Task item: Any pictures in the records below must be left out when you repeat the lines from the line containing "Toyota Alphard NDC0163 (5).jpg" through the line containing "Как убрать косточку" exactly.

Data records:
··········
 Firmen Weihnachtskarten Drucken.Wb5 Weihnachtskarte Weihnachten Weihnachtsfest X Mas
··········
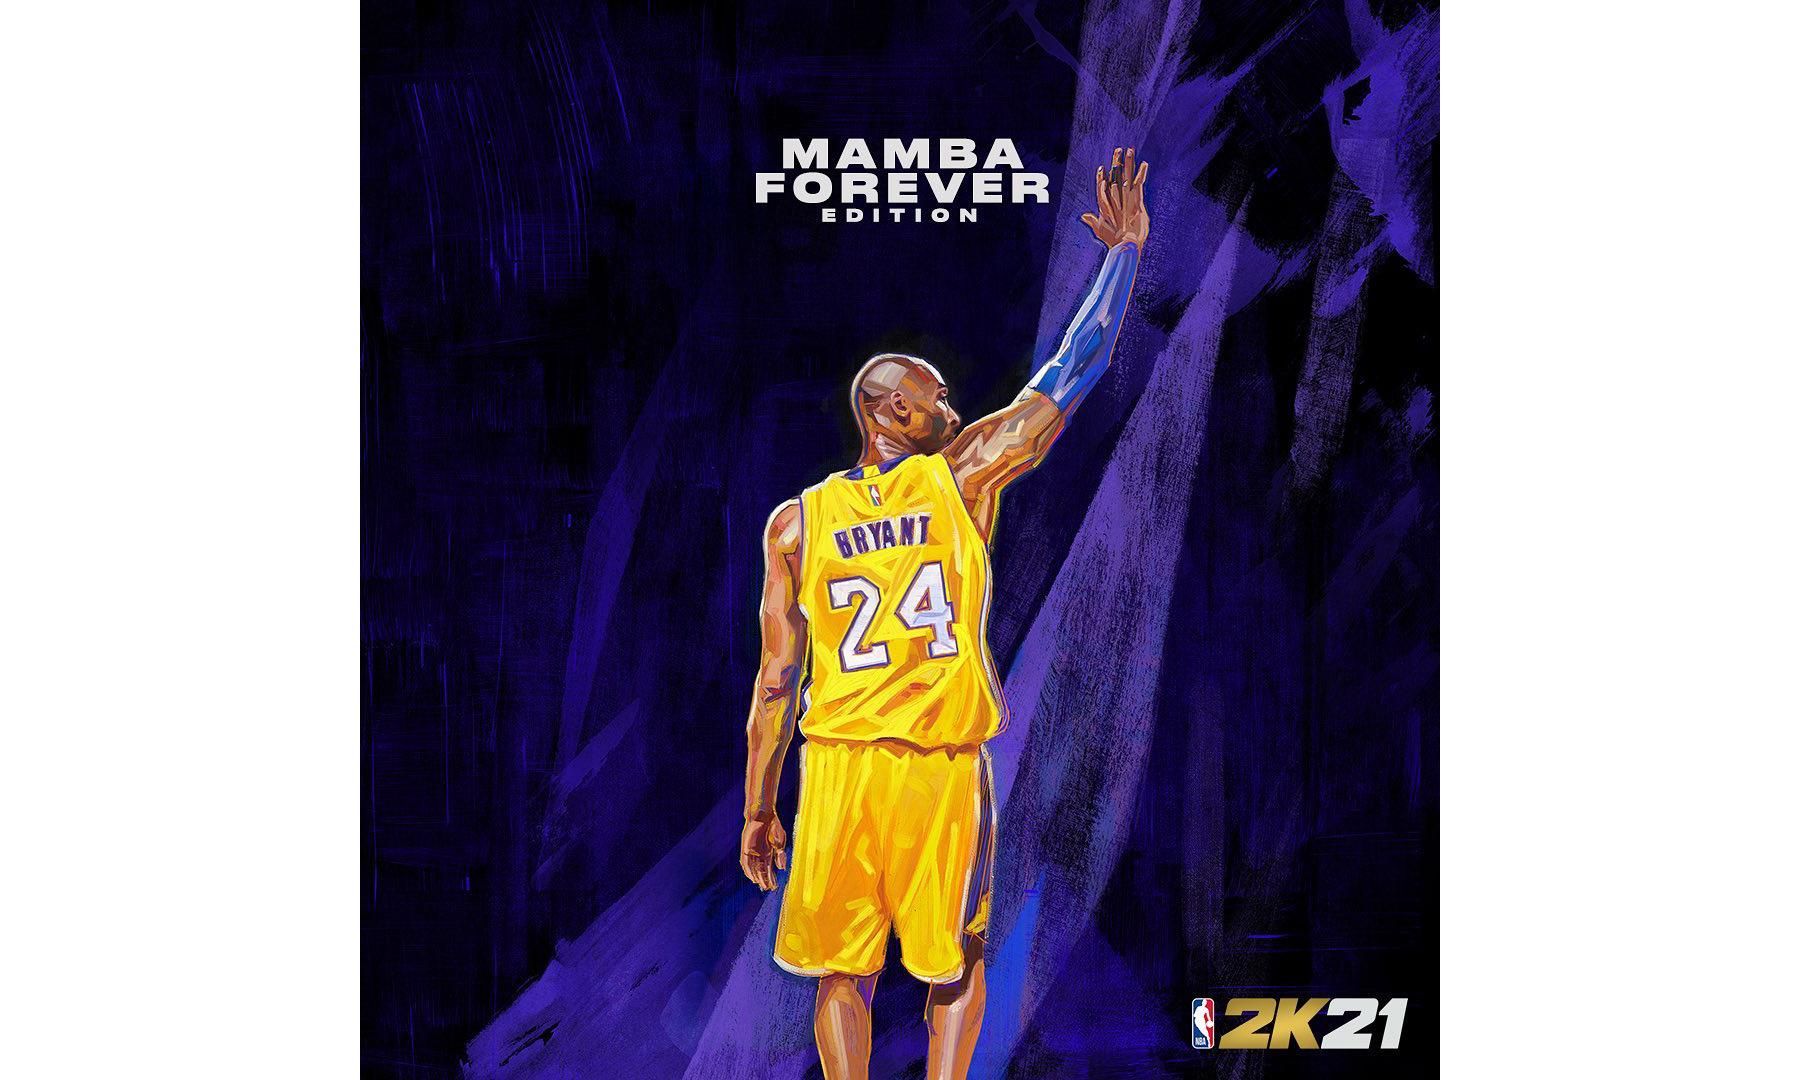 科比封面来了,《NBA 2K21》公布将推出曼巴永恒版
··········
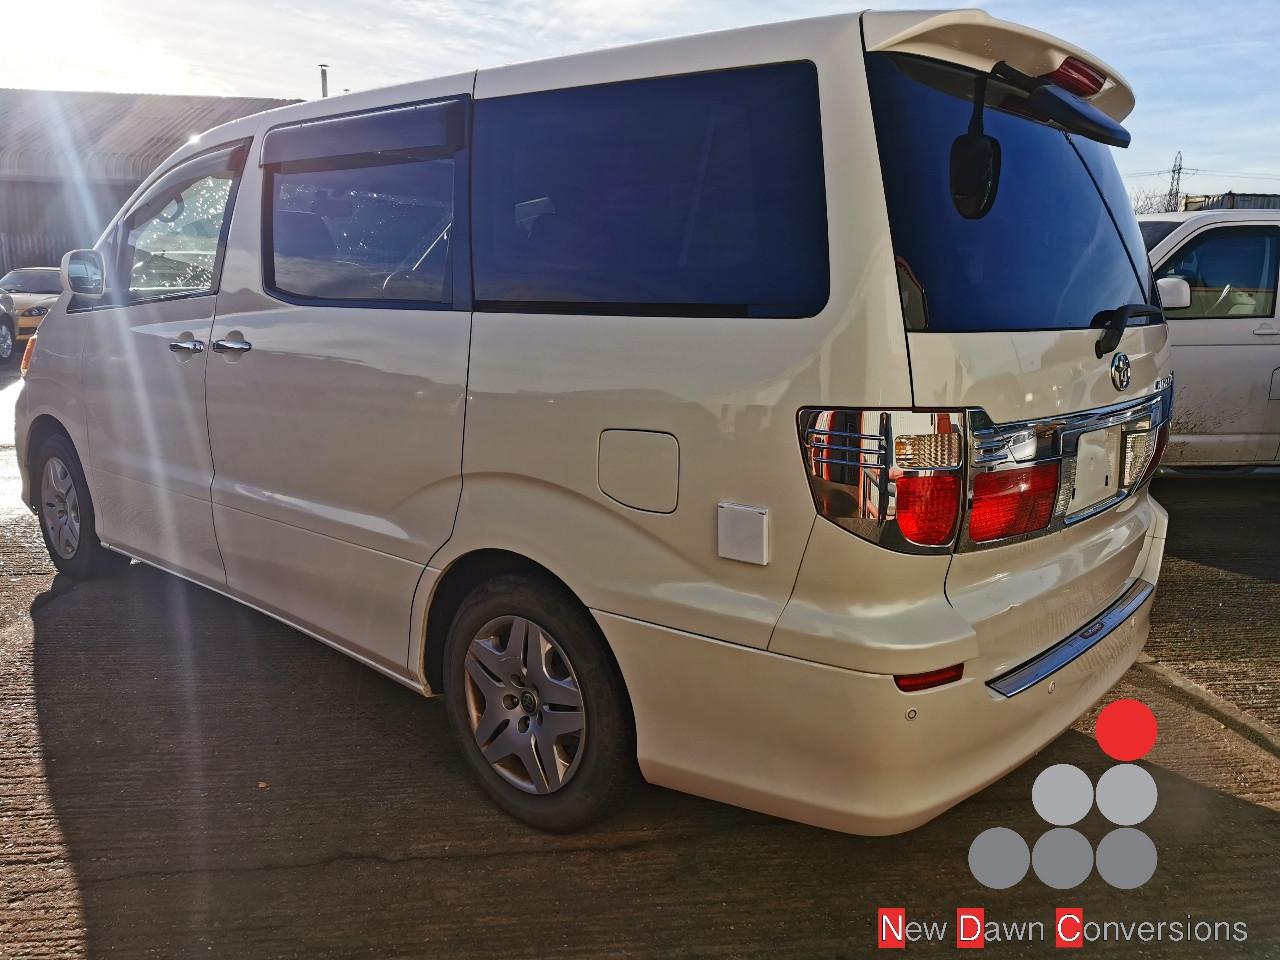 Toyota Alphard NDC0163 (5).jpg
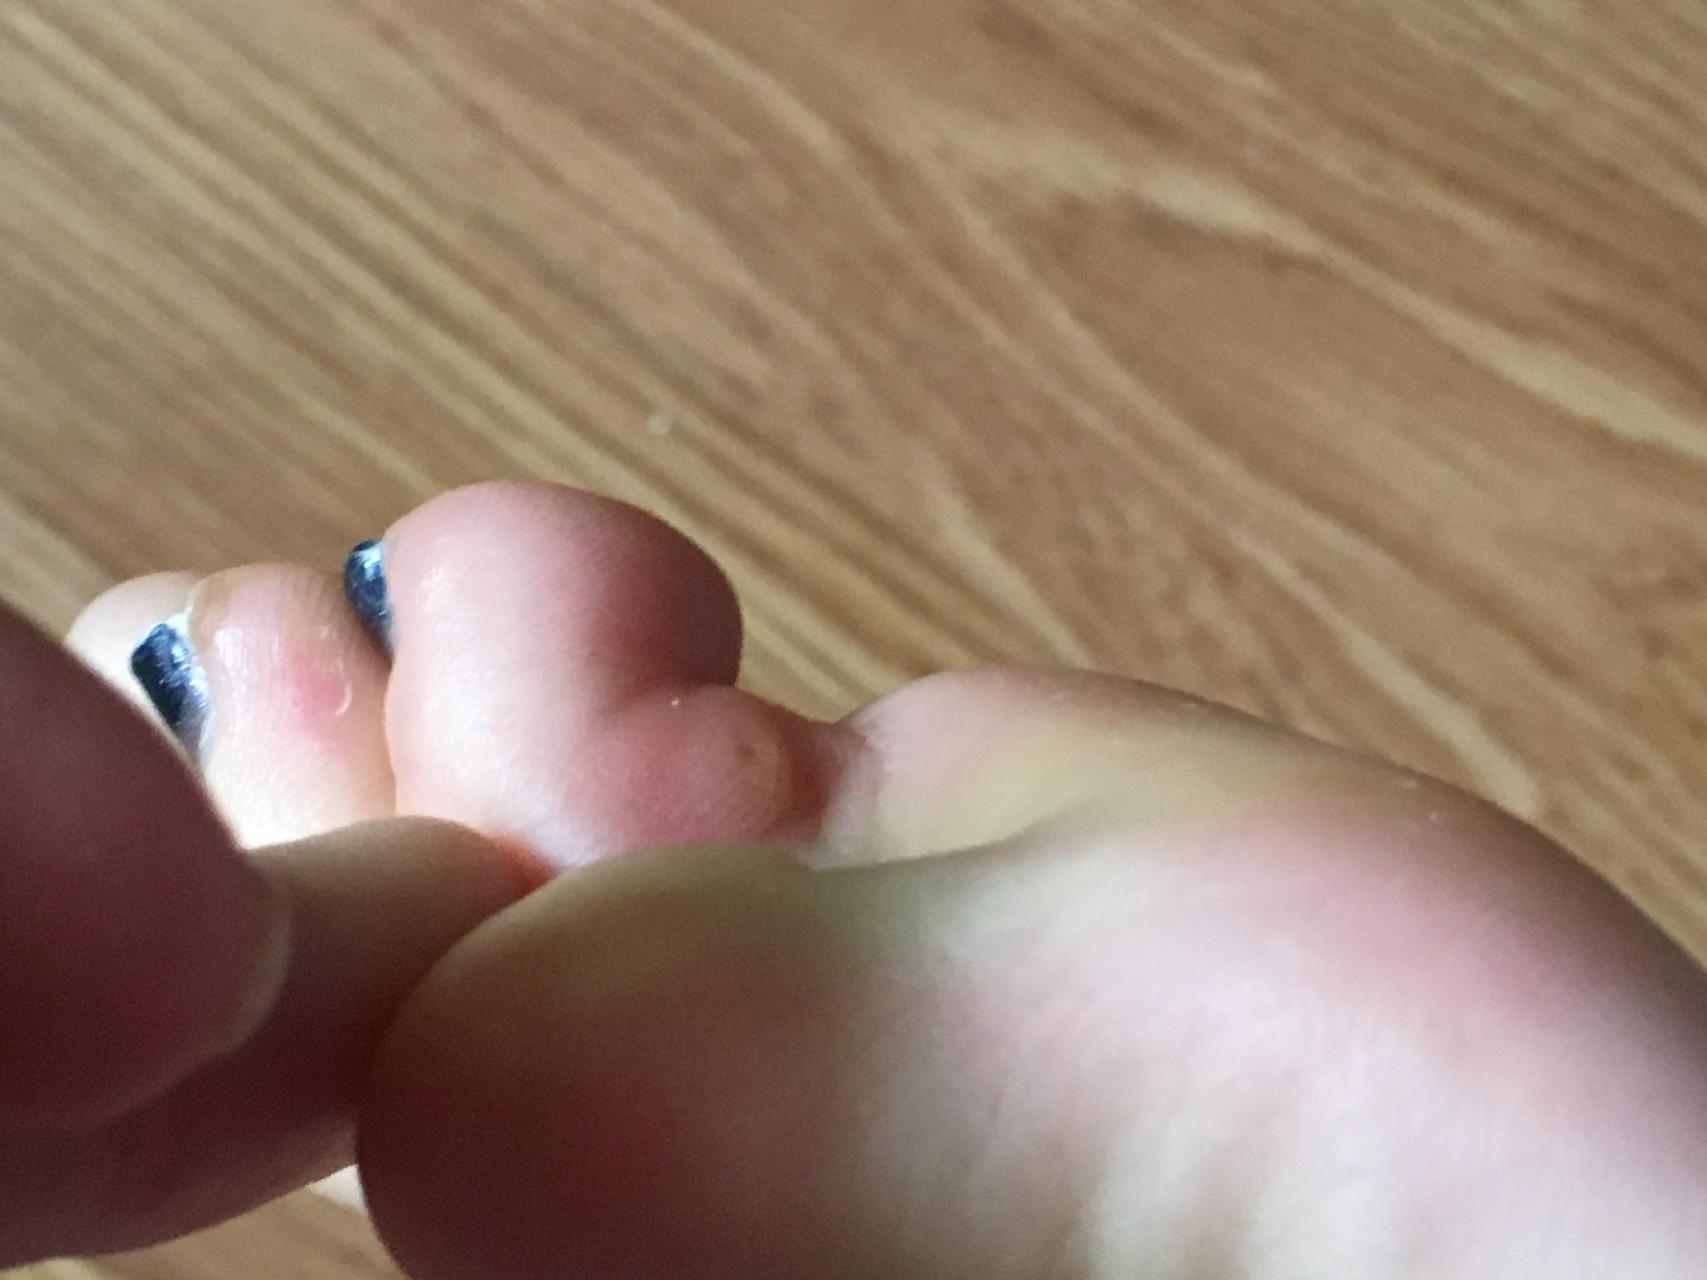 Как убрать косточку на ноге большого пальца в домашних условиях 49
··········
Task answer:
 Toyota Alphard NDC0163 (5).jpg
 Как убрать косточку на ноге большого пальца в домашних условиях 49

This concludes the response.